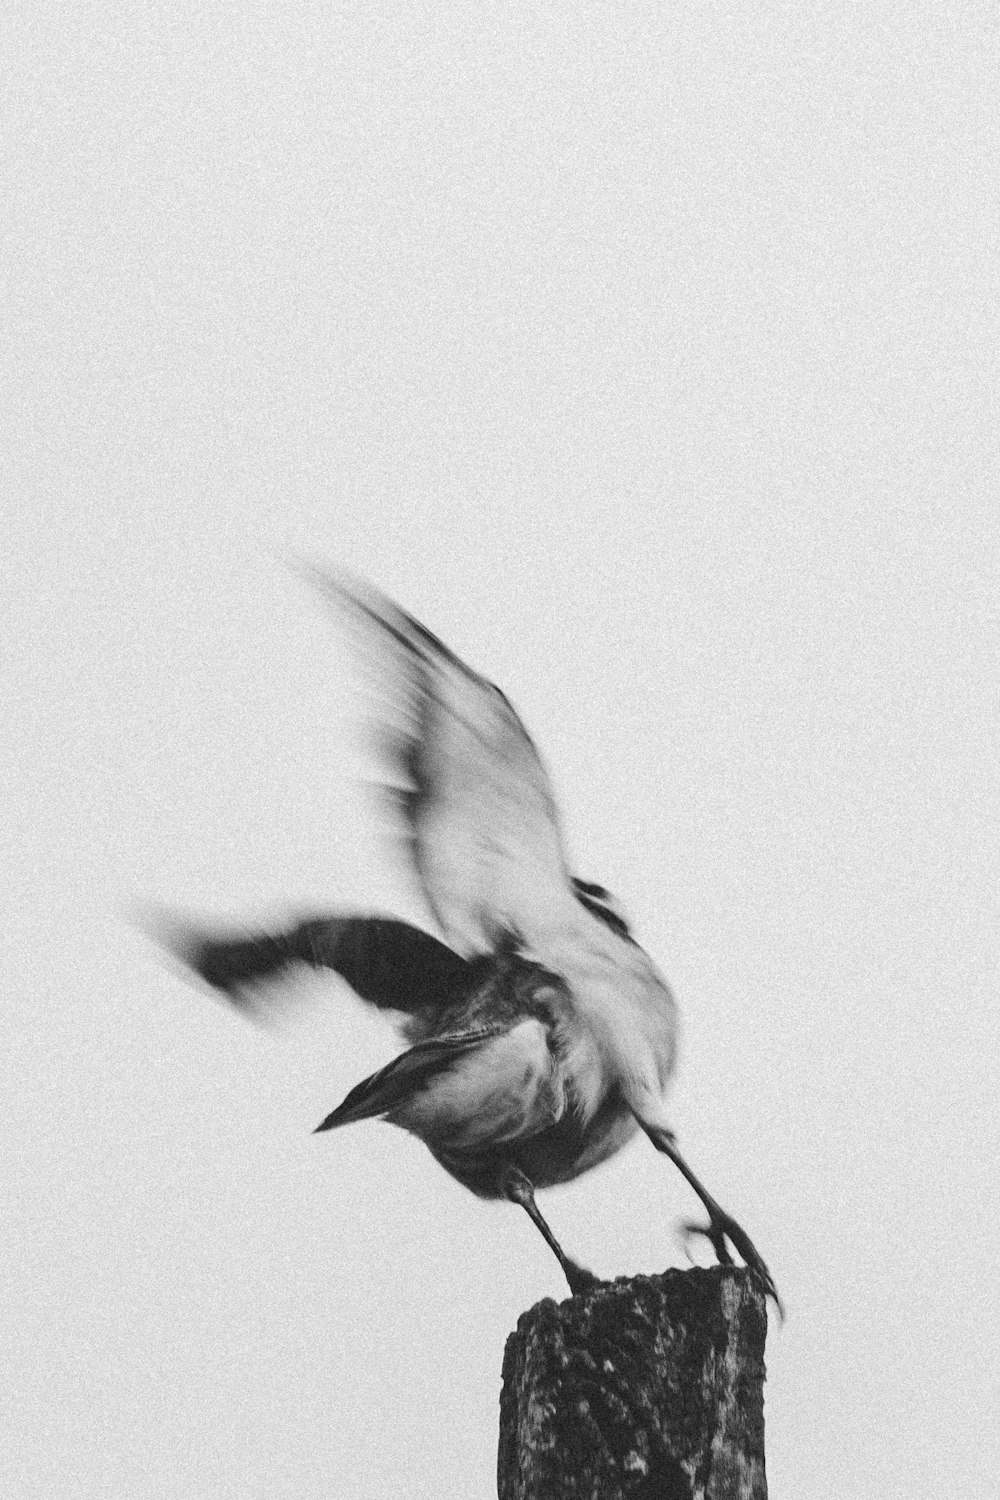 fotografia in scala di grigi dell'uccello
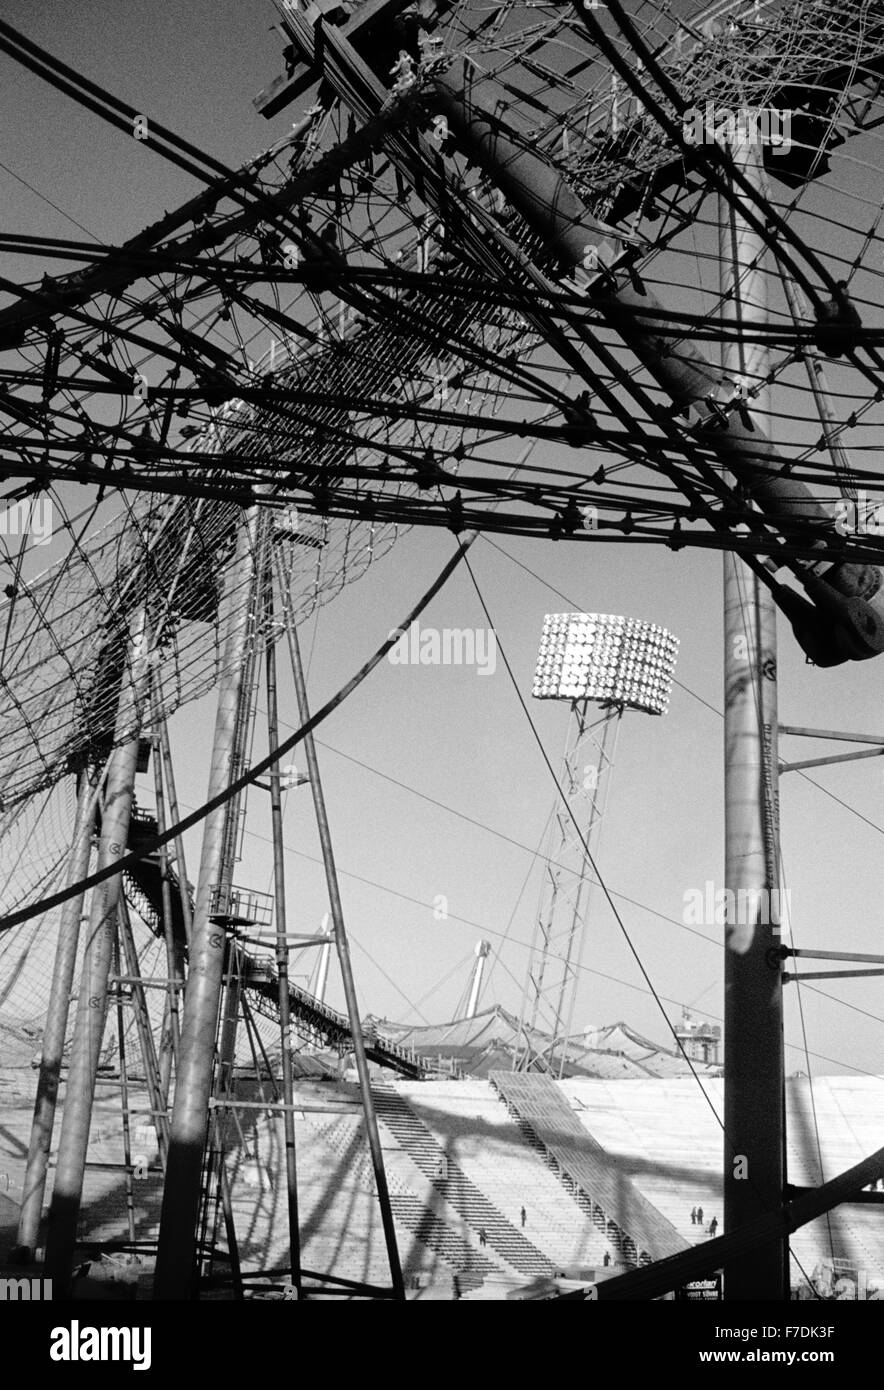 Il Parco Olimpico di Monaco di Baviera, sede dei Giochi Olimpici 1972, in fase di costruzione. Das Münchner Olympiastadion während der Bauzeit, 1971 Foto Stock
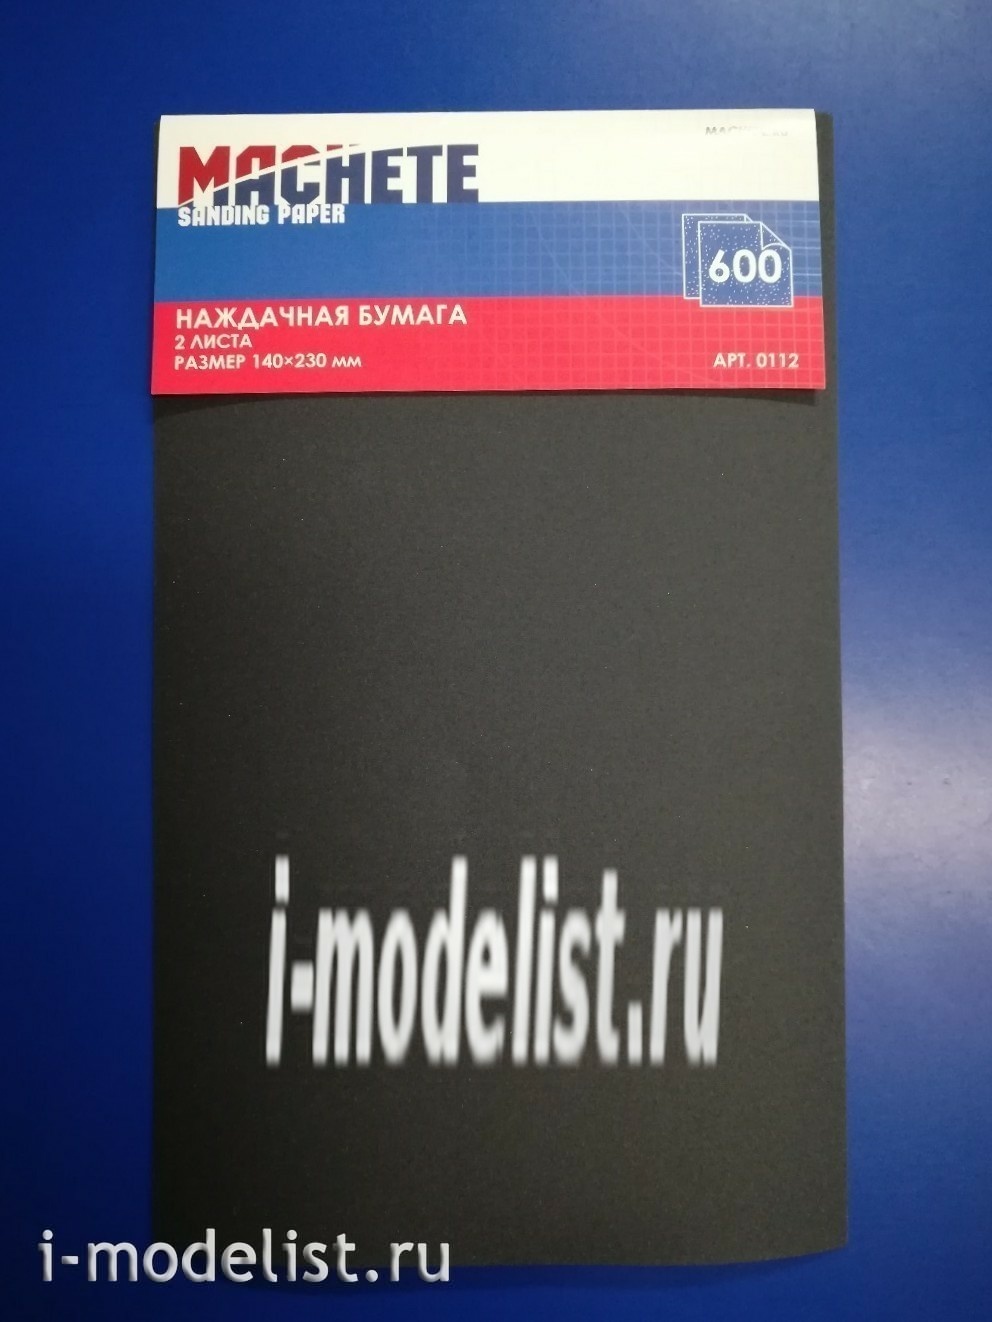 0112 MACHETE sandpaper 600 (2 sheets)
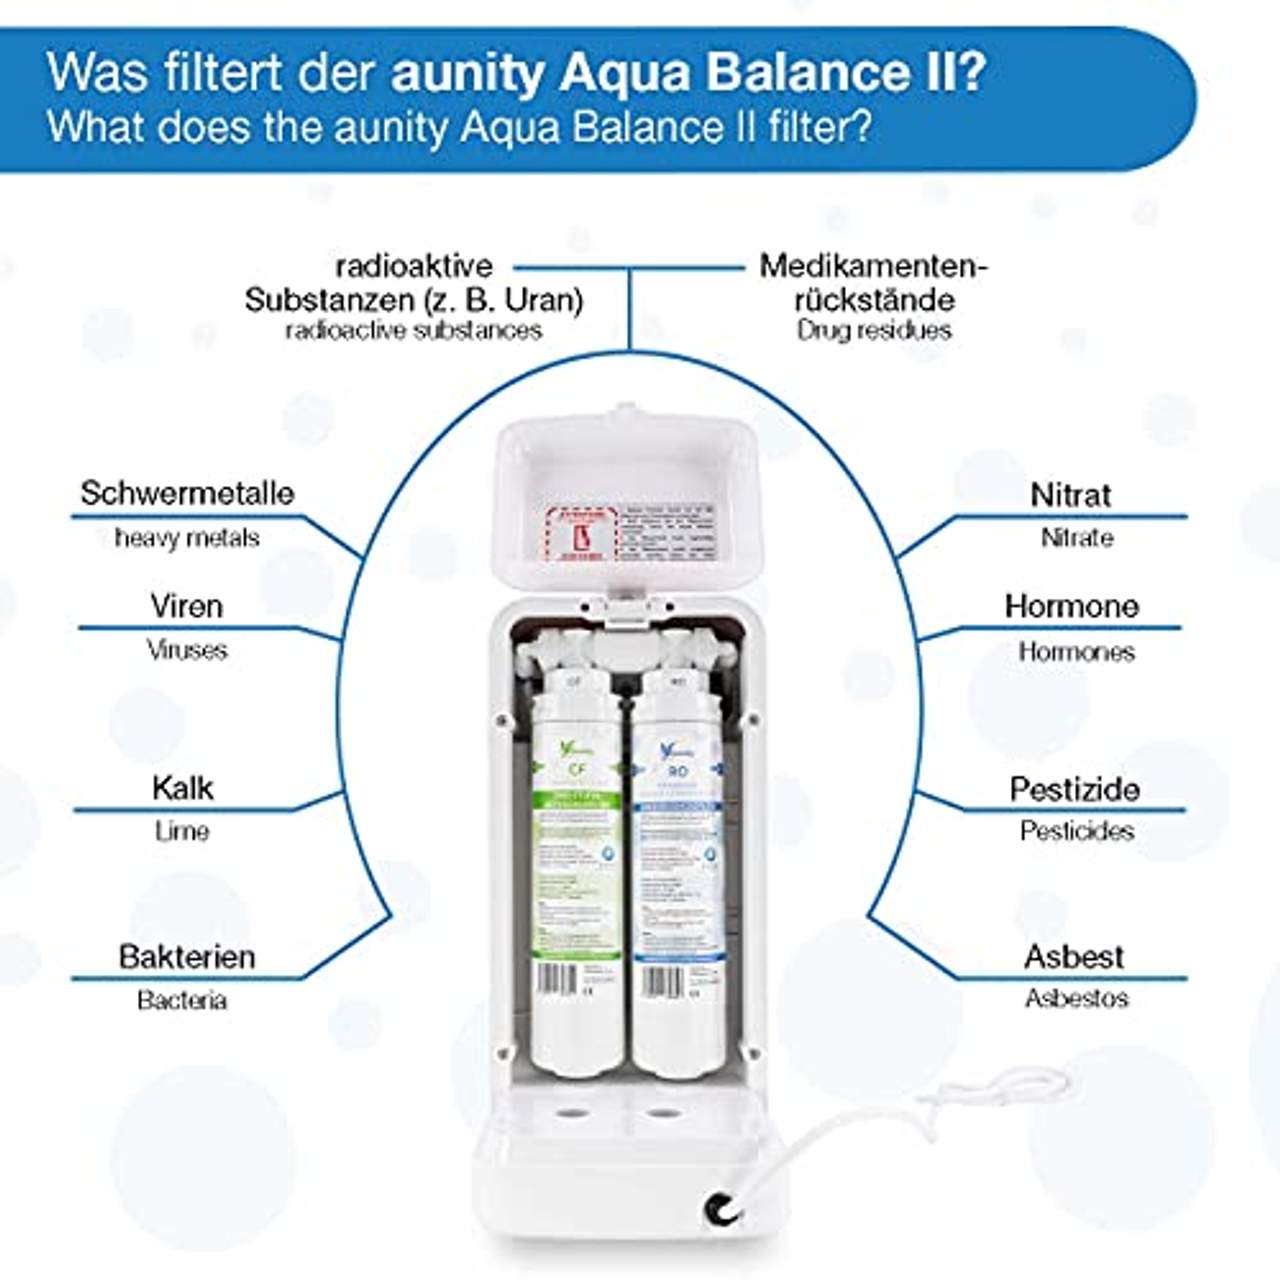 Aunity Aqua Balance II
══════════════════════════════
§ **Prompt**:
Here the job is to quote the lines from the one with "Il Parco Olimpico" through the end of the material, both included, exactly; please skip the pictures.

§ **Exercise result**:
 Il Parco Olimpico di Monaco di Baviera, sede dei Giochi Olimpici 1972, in fase di costruzione. Das Münchner Olympiastadion während der Bauzeit, 1971 Foto Stock
 0112 MACHETE sandpaper 600 (2 sheets)
 Aunity Aqua Balance II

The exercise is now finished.